What is the difference between GHK and GHK-Cu?
GHK is the free tripeptide — glycine, histidine, lysine, with no copper bound. GHK-Cu (sometimes written Cu-GHK) is the same tripeptide carrying one chelated Cu(II) ion. The free peptide can be synthesized and stored apo (no copper); it picks up copper readily from biological fluids because the chelation affinity is high.

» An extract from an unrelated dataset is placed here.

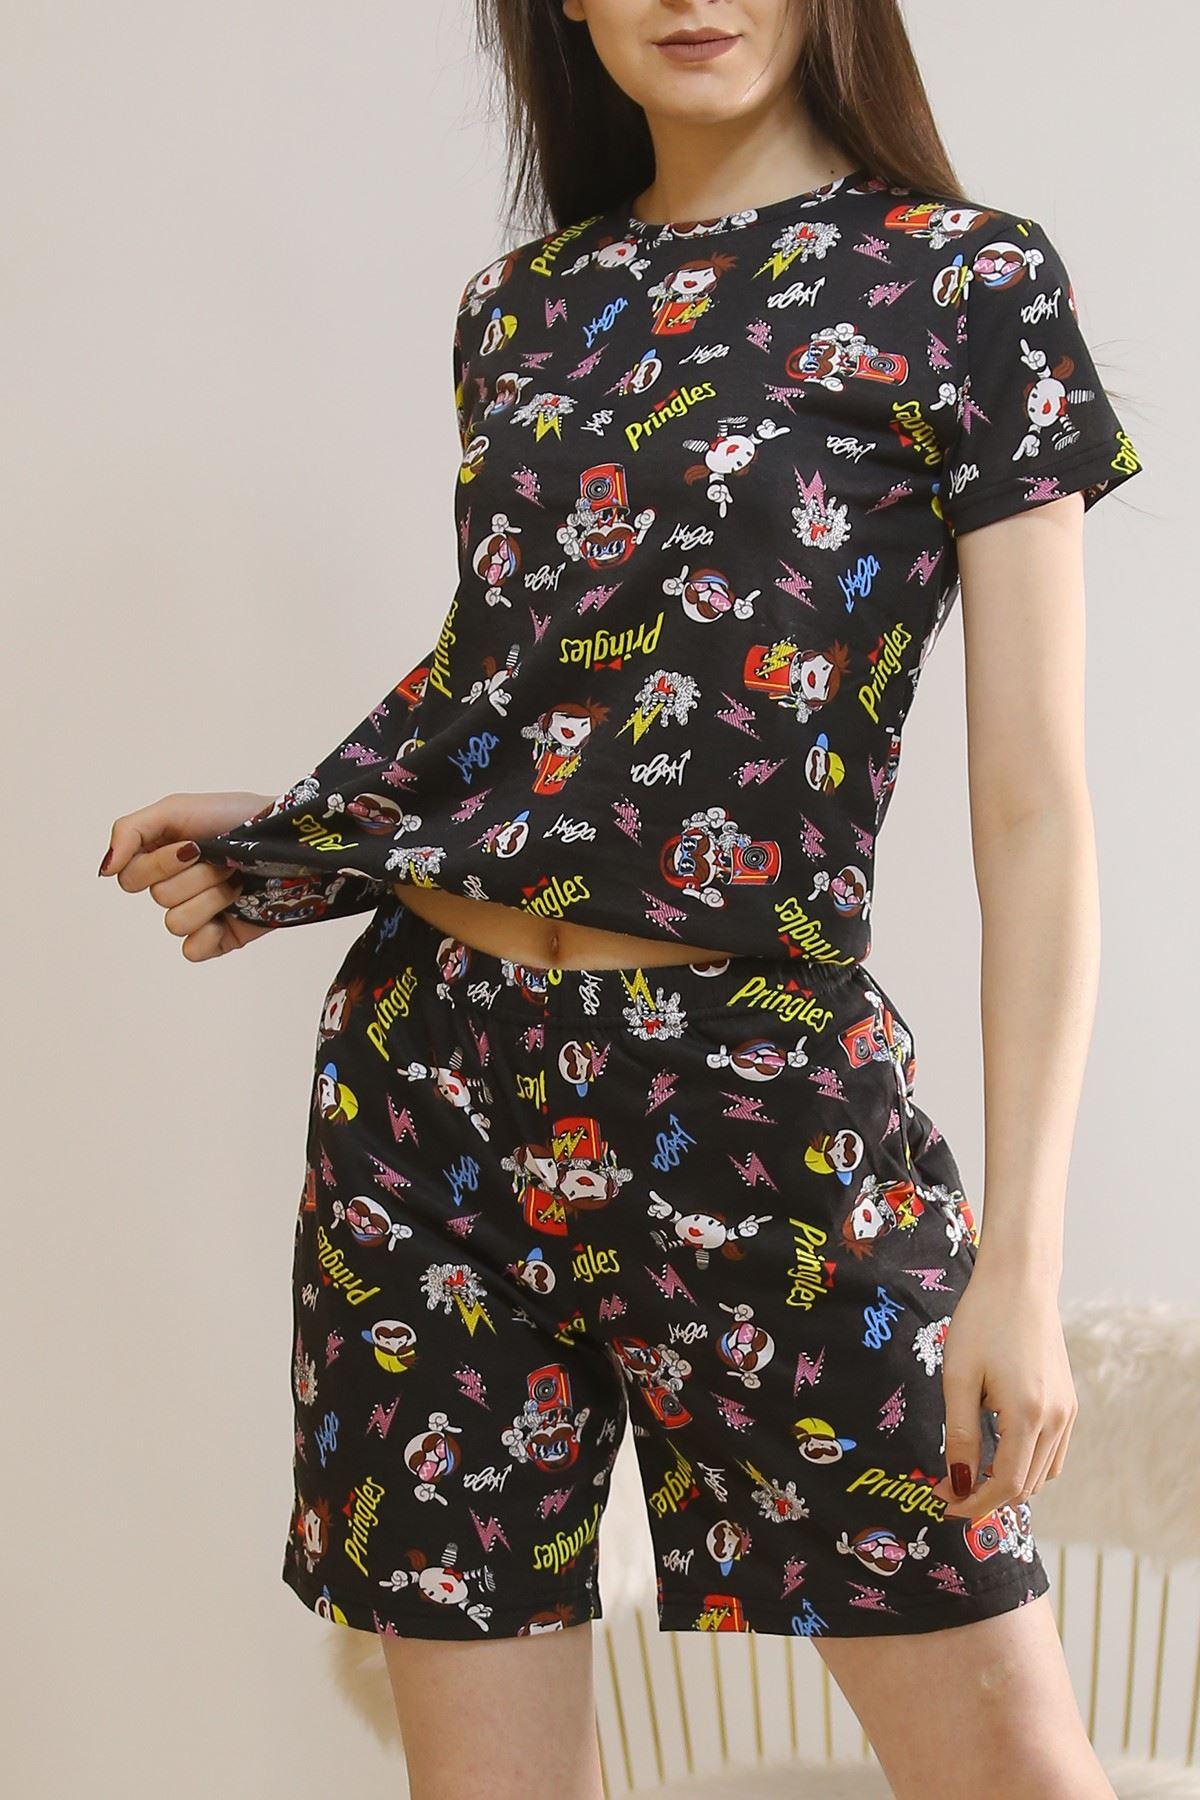 Şortlu Pijama Takımı Siyah - 5924.1059.

Most of the research that matters — the fibroblast collagen work, the wound-healing data, the cosmetic-clinical trials — refers to the copper-loaded complex. When a paper writes 'GHK' without qualification, the context (in vivo, biological fluid present) typically means the molecule is rapidly chelating endogenous copper and acting as GHK-Cu in practice. Apo-peptide and holo-peptide are not interchangeable in cosmetic formulation, though, and product variability on this axis is one of the known confounds in cross-product comparison.